What if Redstone ‘Googled’ Murdoch?

(Editor’s Note: The following piece was co-authored with Scott Karp, editor of Publishing 2.0.)

One by one, the big media companies and the Internet giants have started to ante up for the big poker game over the future of the video content business. Google started it all with its acquisition of YouTube. Then GE’s NBC-Universal and Rupert Murdoch’s News Corp responded by joining forces to create “NewCo,” which Comcast, the country’s largest cable company, also just joined.

Sumner Redstone’s CBS followed with the announcement of their own independent distribution initiative, called the “CBS Interactive Audience Network.” Standing alongside these big media giants are all the biggest Internet portals, including Yahoo!, AOL, and MSN. What has essentially happened, in a very short period, is that most of the existing Internet and media establishment have lined up on one side of the fence in support of each other, all against GooTube!

Amidst all this reshuffling and realignment, the one player who’s probably in the most interesting position is Redstone. One reason is that Redstone controls not only CBS, but also Viacom/MTV. The other reason is the long-standing media mogul rivalry between him and Rupert Murdoch. This rivalry turned particularly bitter after Murdoch outfoxed Redstone in the bid to buy MySpace nearly two years ago. Given that MySpace has proven to be the next MTV, it’s no secret that Redstone took it all pretty personally.

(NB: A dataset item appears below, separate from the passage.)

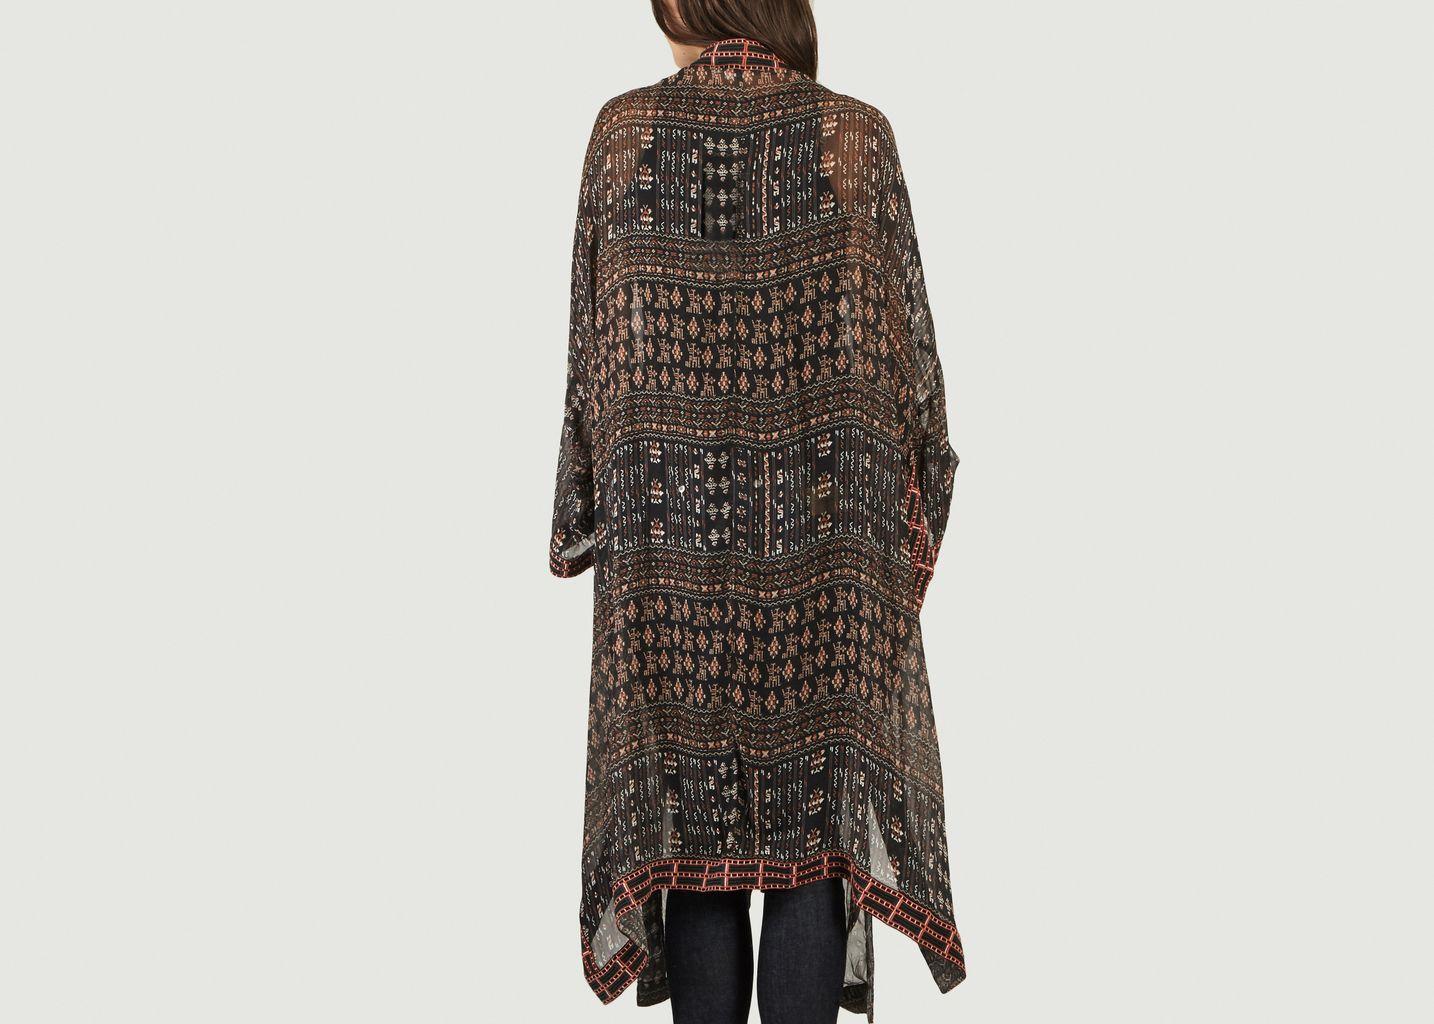 Kimono Motif Ikat Tarma - Stéphanie Vaillé

Fortunately for Redstone, sometimes revenge is a meal best served cold. Since the MySpace deal, the industry-wide realignment around digital video has reshaped the playing field. Although Redstone’s Viacom has also taken the requisite anti-GooTube steps of sending massive take-down notices and going as far as filing a $1 Billion copyright infringement lawsuit, Viacom has yet to fully stand next to its big media brothers on their side of the digital video fence, as his CBS has. And given that Redstone has hedged his bet with CBS, it leaves him open to an intriguing and completely counterintuitive option for Viacom — to jump the fence and form a major strategic alliance with Google instead.

Our modest proposal is that Viacom/MTV should break ranks by striking a broad and comprehensive deal with Google to combine its vast video content libraries with the mass distribution might of YouTube and Google’s Adsense (which is the largest web content syndication network in the world and which Google is gearing up to distribute content alongside ads).

Why Google Needs Viacom
There’s a reason why the big media companies are aligning themselves around video distribution and not video content creationdistribution is all that matters. The battle for control of the digital video market is essentially a race to figure out how to efficiently allocate consumer attention, both through search and browsing/discovery.

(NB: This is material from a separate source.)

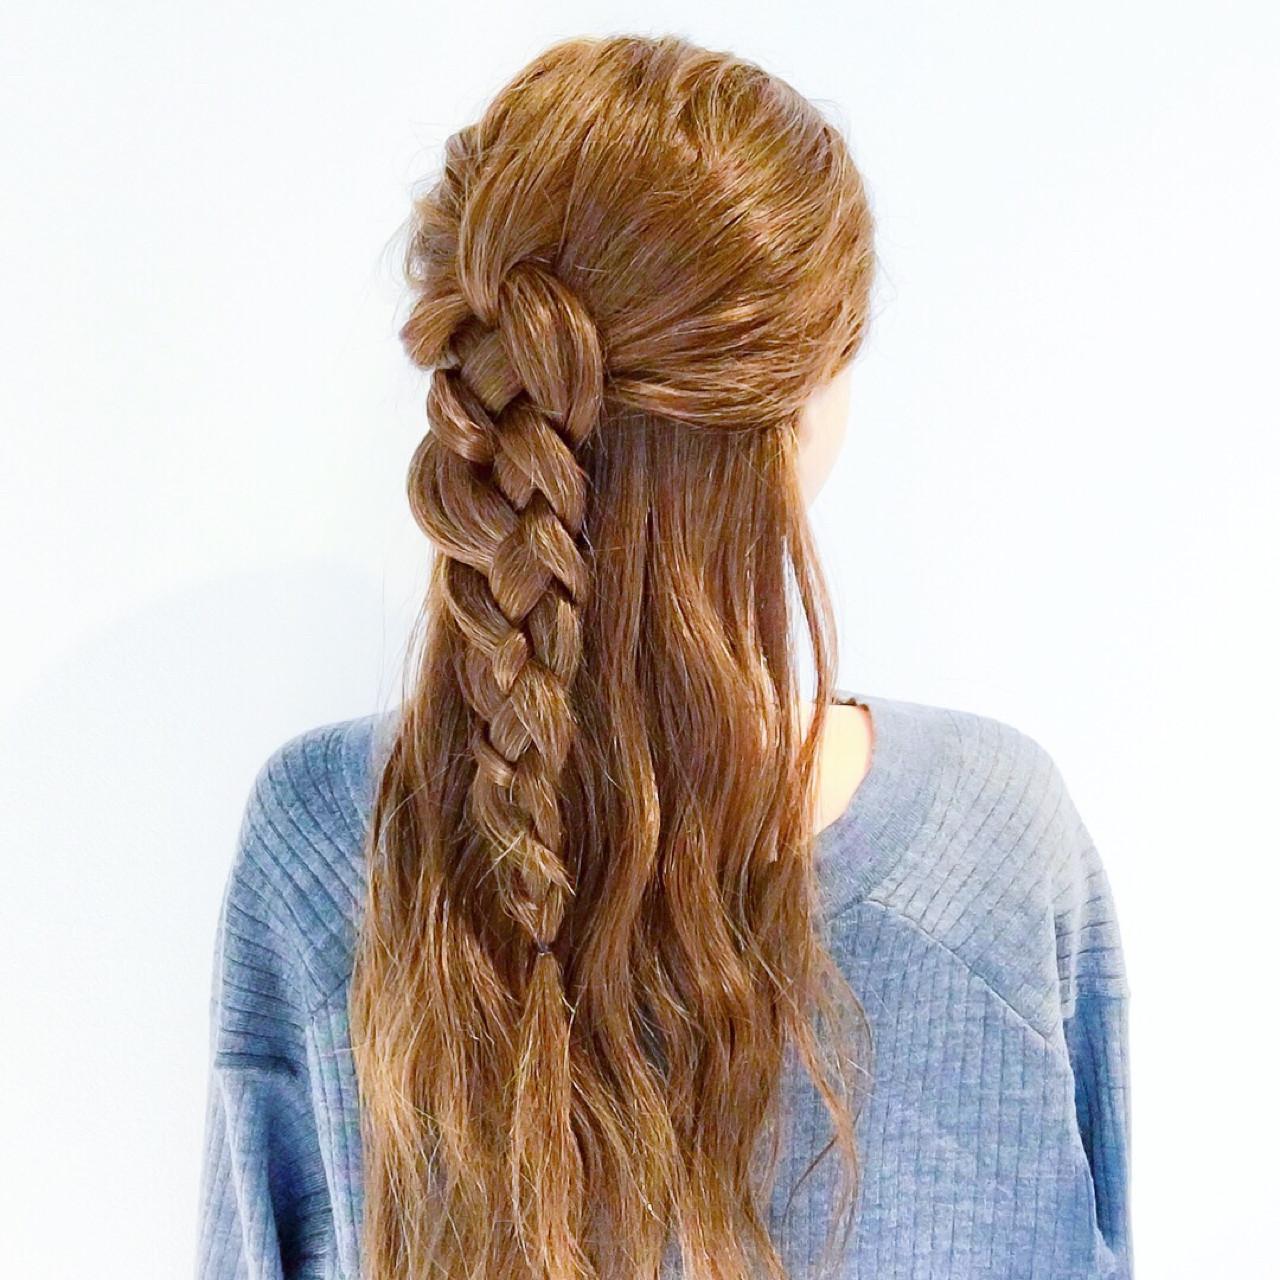 エレガント 簡単ヘアアレンジ 上品 アウトドア ヘアスタイルや髪型の写真・画像

Google search is the greatest platform for efficient allocation of attention in the history of media. But its text-based algorithms break down for video content. What Google lacks for the first time, in this new video space, is content. Unlike text content, most video content from major media companies does not exist on the open web, and even where it does, it is not easily “crawlable.” This is why Google acquired YouTube — because it needed an alternative way to aggregate and control the content. Without access to a big media company’s full body of content, Google is limited in its ability to learn what works with digital video distribution and monetization. Google is like a voraciously hungry computer — it needs input. That’s why GooTube was making such sweet revenue sharing offers with all of the major media companies. The less content Google has to work with, the less it can optimize — a salient lesson it learned from its dominance of the text-based web.

By partnering with Redstone, Google gains access to MTV, Comedy Central, and other Viacom content that is perfectly suited for experimentation around new distribution and discovery models, which could lead to breakthroughs in how to connect the right people with the right video content — and how to actually make money doing it. Viacom’s brands are strongest with the Digital Generation, who are at the vanguard of new video consumption habits, AND Viacom’s content works exceeding well in the short, humorous, viral “clip” format that has driven the explosive growth of online video.

Making MTV The New MTV
The opportunity for Redstone is to respond to the threat of MySpace becoming the new MTV by positioning MTV itself to be the new MTV. To go head-to-head with Murdoch, Redstone has to confront MySpace’s powerful social network and the News Corp/NBC “NewCo” robust distribution partnerships. What better way than to align with YouTube’s social networks and Google’s AdSense distribution network?
But how would Google and Viacom make this happen, given the take-downs and the lawsuit? Simple — Viacom should do a complete about-face:

  • Viacom should withdraw the $1 billion lawsuit and convert it into a $1 billion guaranteed revenue deal with GooTube. Given the $500 million deals that GooTube was offering the big media companies, this deal would be a no-brainer for Google and — it would be a financial windfall for Viacom.
  • Viacom should work closely with GooTube to optimize the distribution of all Viacom content through YouTube and Adsense, while AT THE SAME time optimizing distribution through Viacom’s own sites — in an age of consumer control, it’s not either/or but both.Counterintutive? Sure, but that’s why it just might work.